## Data shown

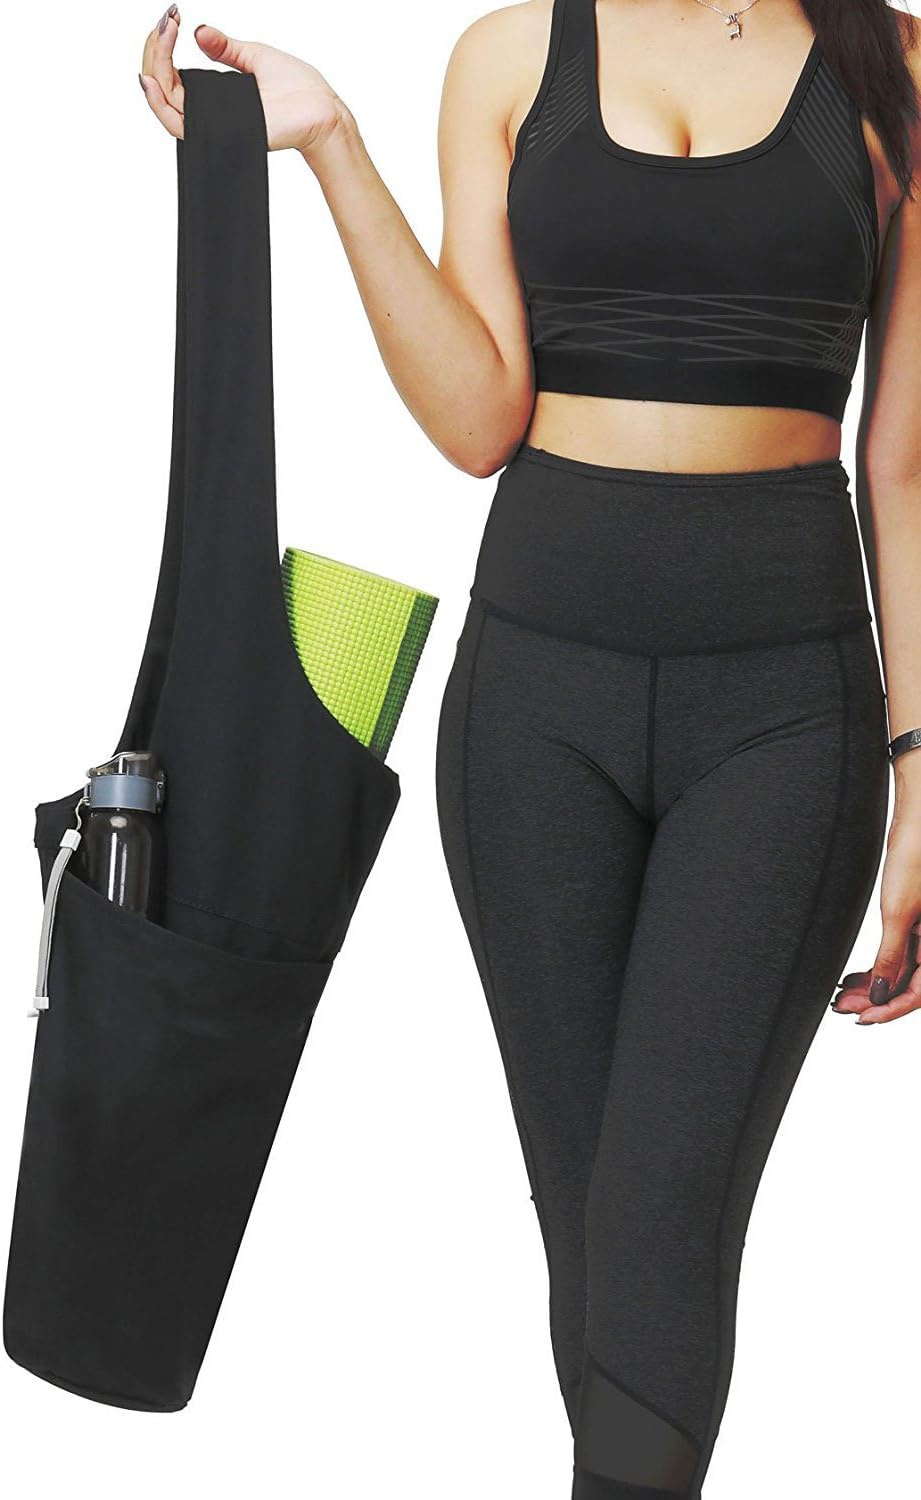 Yoga Mat Bag with Large Size Pocket, Yoga Mat Carrier Large Gym
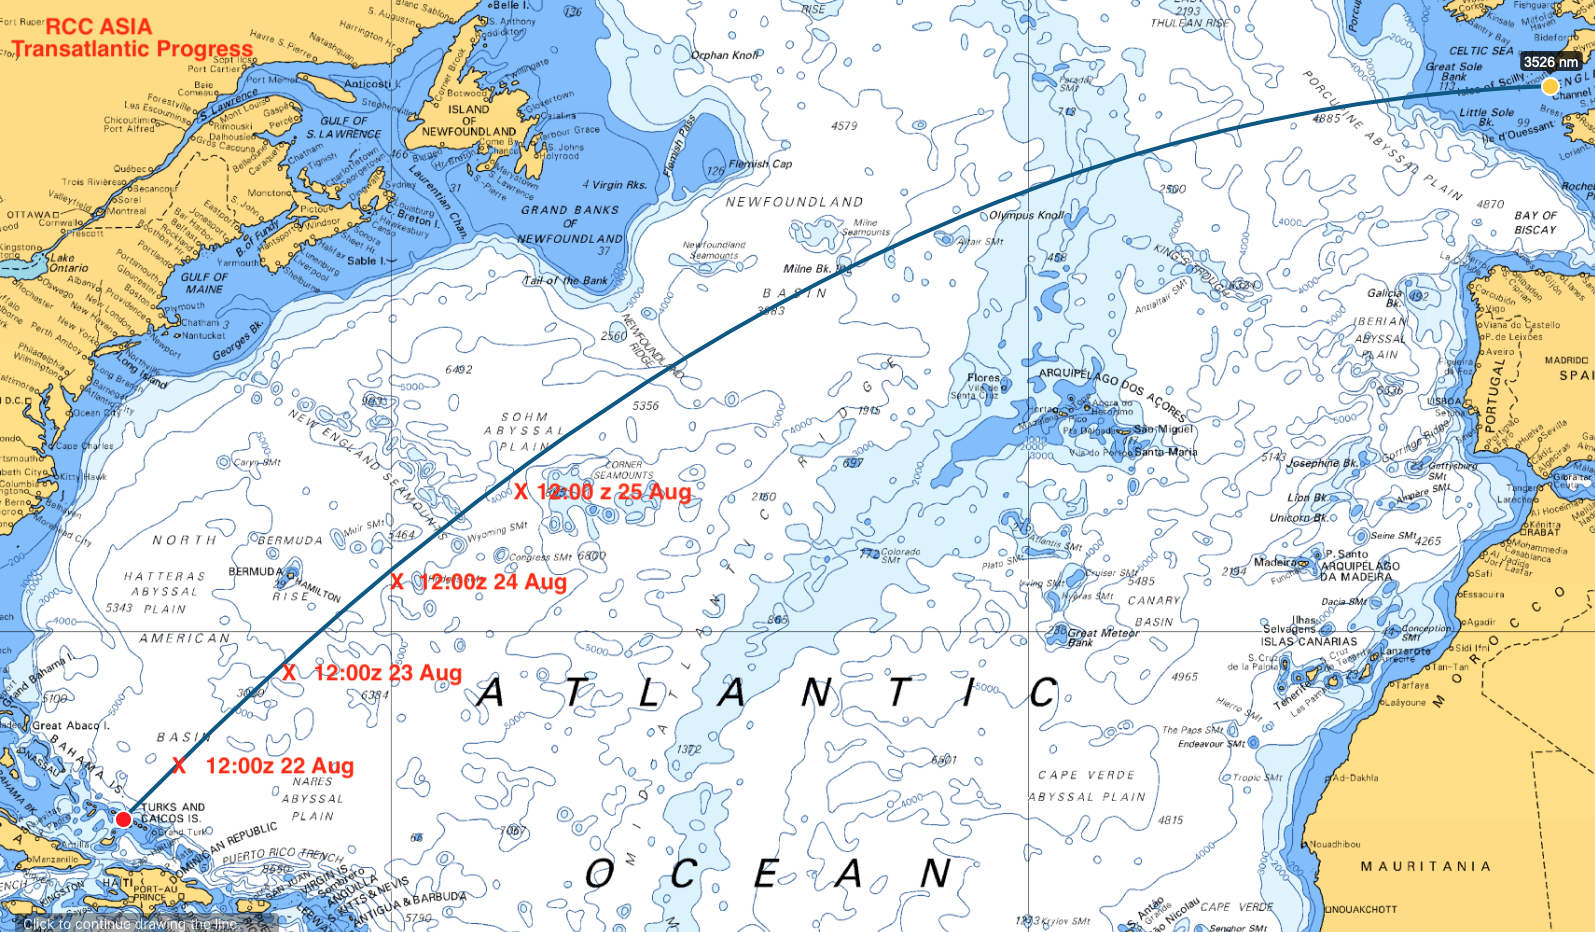 RCC ASIA Atlantic Progress.png
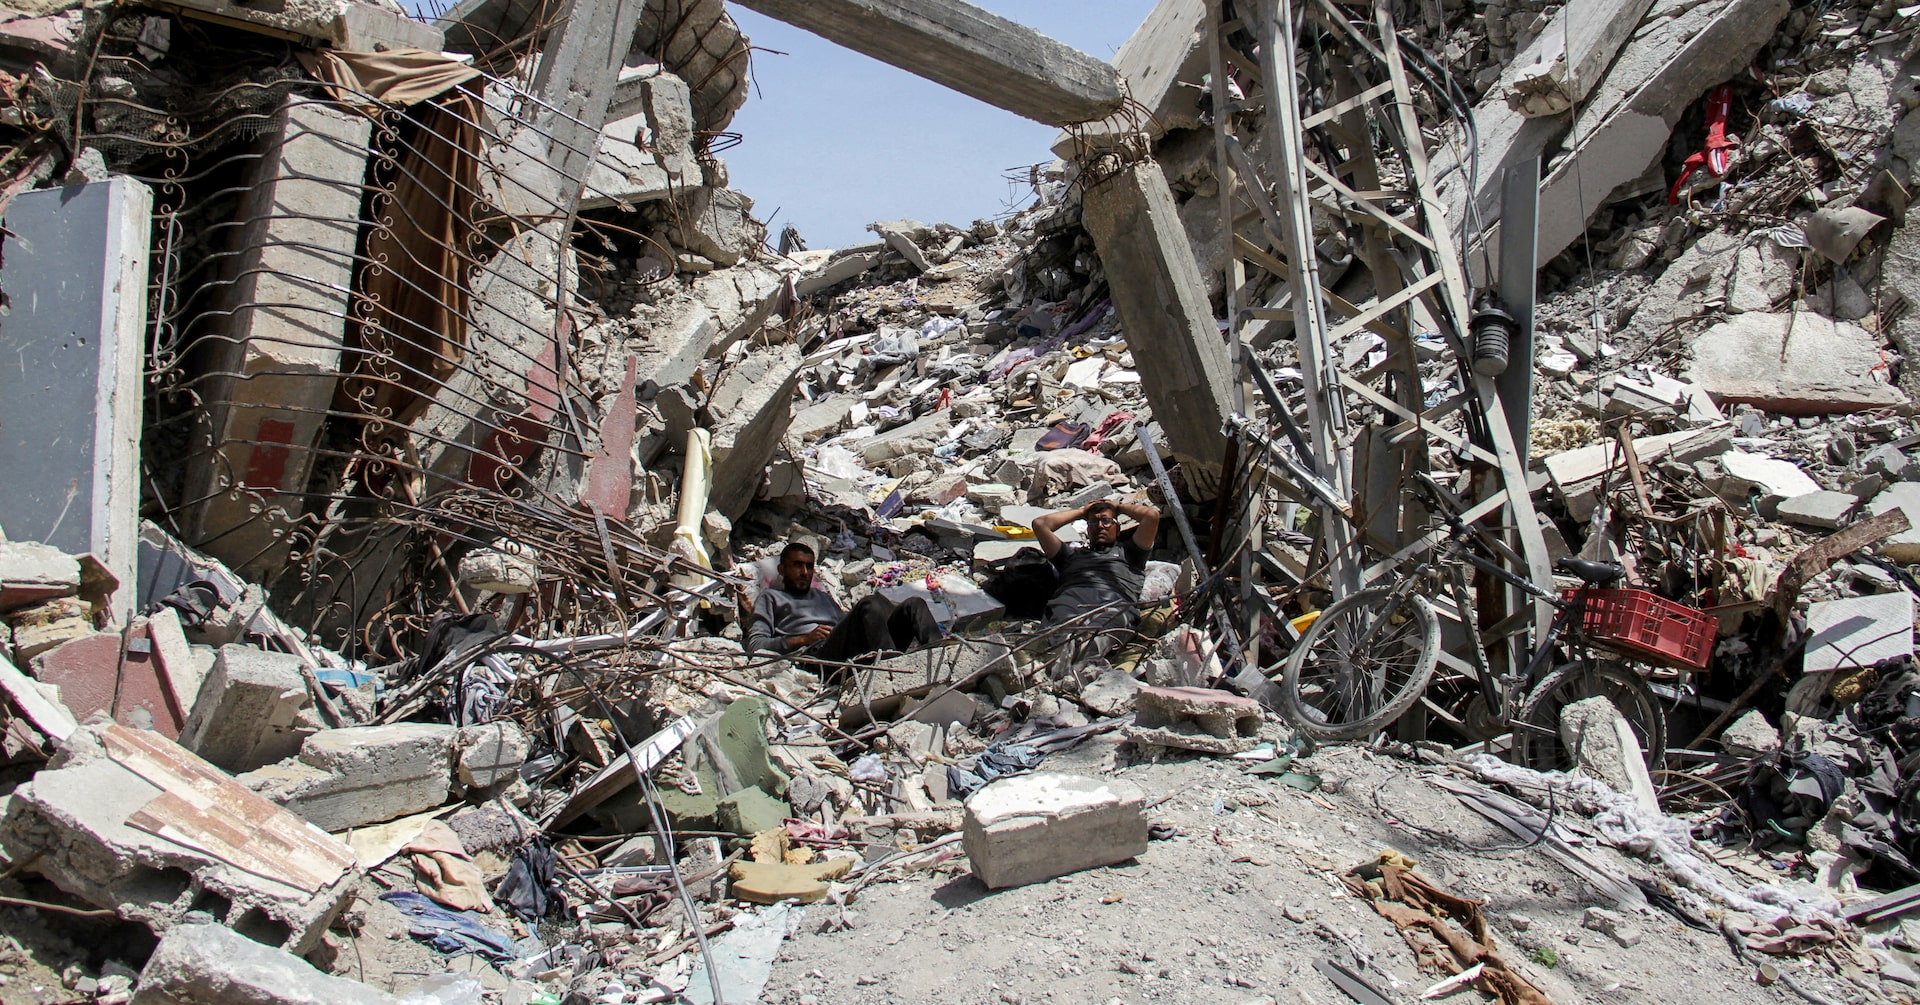 rebuilding-bombed-gaza-homes-may-take-80-years,-un-says

## What the task requires
Your task is to write out, exactly and without pictures, only the lines from the one holding "RCC ASIA Atlantic Progress.png" to the last line of the data.

## Response to this task
 RCC ASIA Atlantic Progress.png
 rebuilding-bombed-gaza-homes-may-take-80-years,-un-says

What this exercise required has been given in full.